Among heads of other non-profits, the highest paid executives include:
James Mongan, chief executive of Partners HealthCare System in Boston, with compensation of $2.7 million in 2008, a 99 percent increase over his 2007 pay.
Glenn Lowry, director of the Museum of Modern Art, in New York, with compensation of $2.1 million in 2008, more than twice his 2007 pay, plus a housing allowance worth $336,000.
The report also shows that the gap in pay between leaders at large non-profits and small charities has grown. Consistently bigger raises over the past several years mean CEOs at larger non-profits now earn almost 10 times as much as those at small ones, according to GuideStar, a research organization that tracks nonprofits.
A gender pay gap persisted among charities, where women held 47 percent of the CEO positions, but received only 35 percent of the total compensation.
Locally, two executives of Seattle non-profits made the Chronicle list for having part of their compensation in the form of a bonus or cash incentive.

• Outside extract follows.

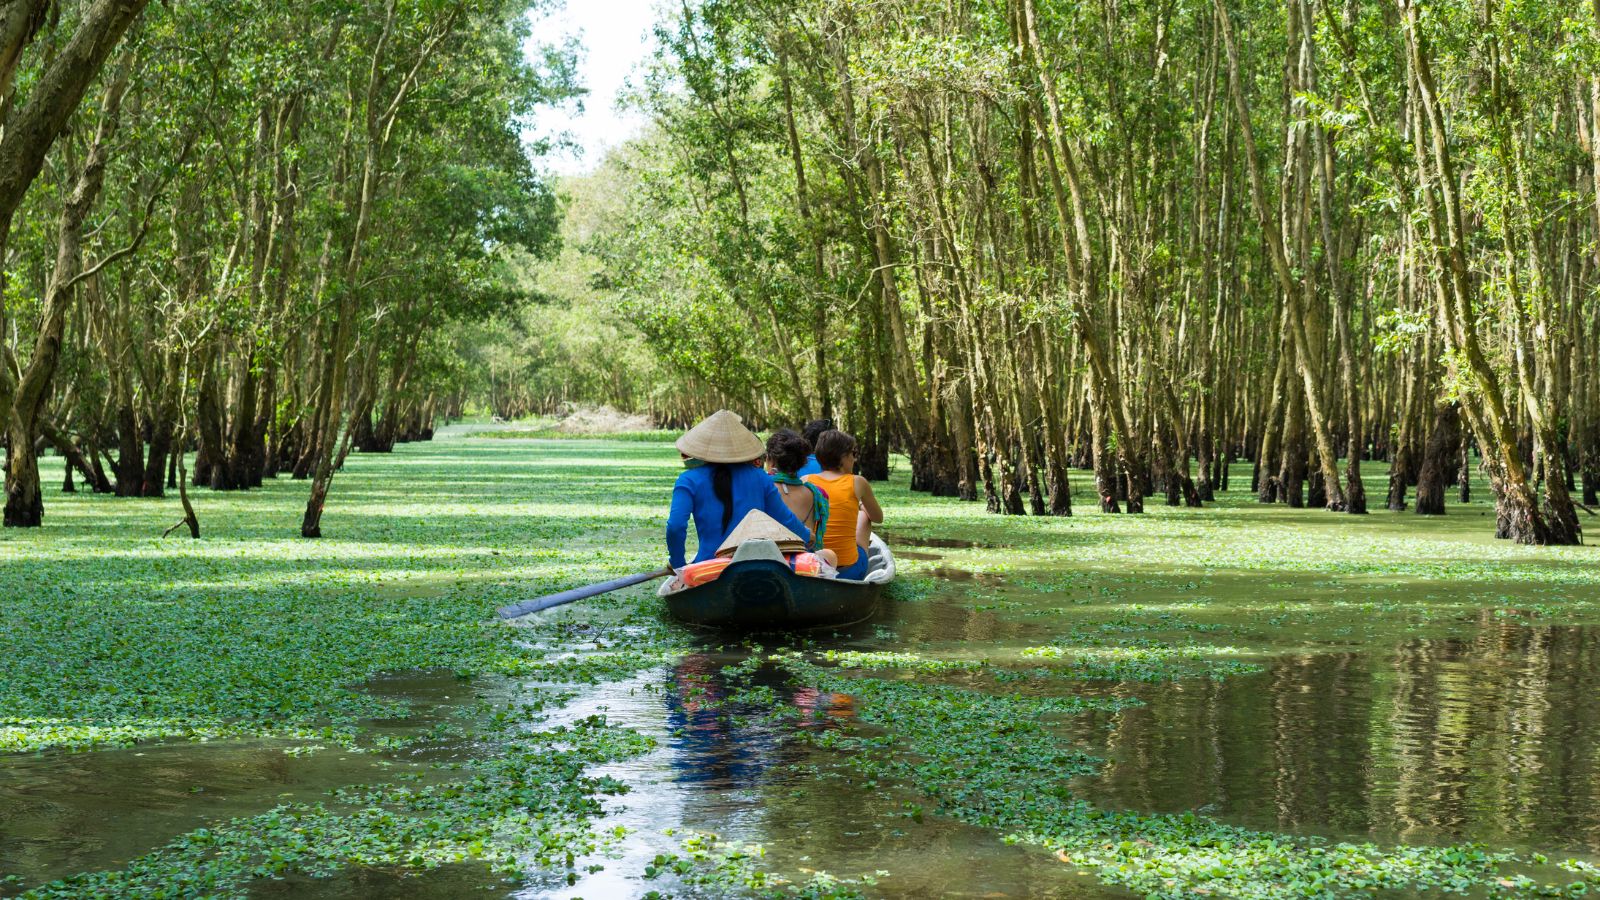 Travel By Boat To Witness The Mekong Delta Scenery

The Program for Appropriate Technology in Health (PATH) paid President and CEO Christopher Elias $505,129 in total compensation in 2008, including a bonus of $99,561.
At the Casey Family Programs, CEO William C. Bell was paid $567,307, including a bonus of $109,675.
Among the local charities working internationally, World Vision President Richard Stearns received $336,472, and World Vision Senior Vice President Atul Tandon was paid $213,061.
United Way King County CEO Jonathan Fine was paid $242,122, the 19th highest of the 40 United Way leaders around the country. King County is the third largest United Way by income size.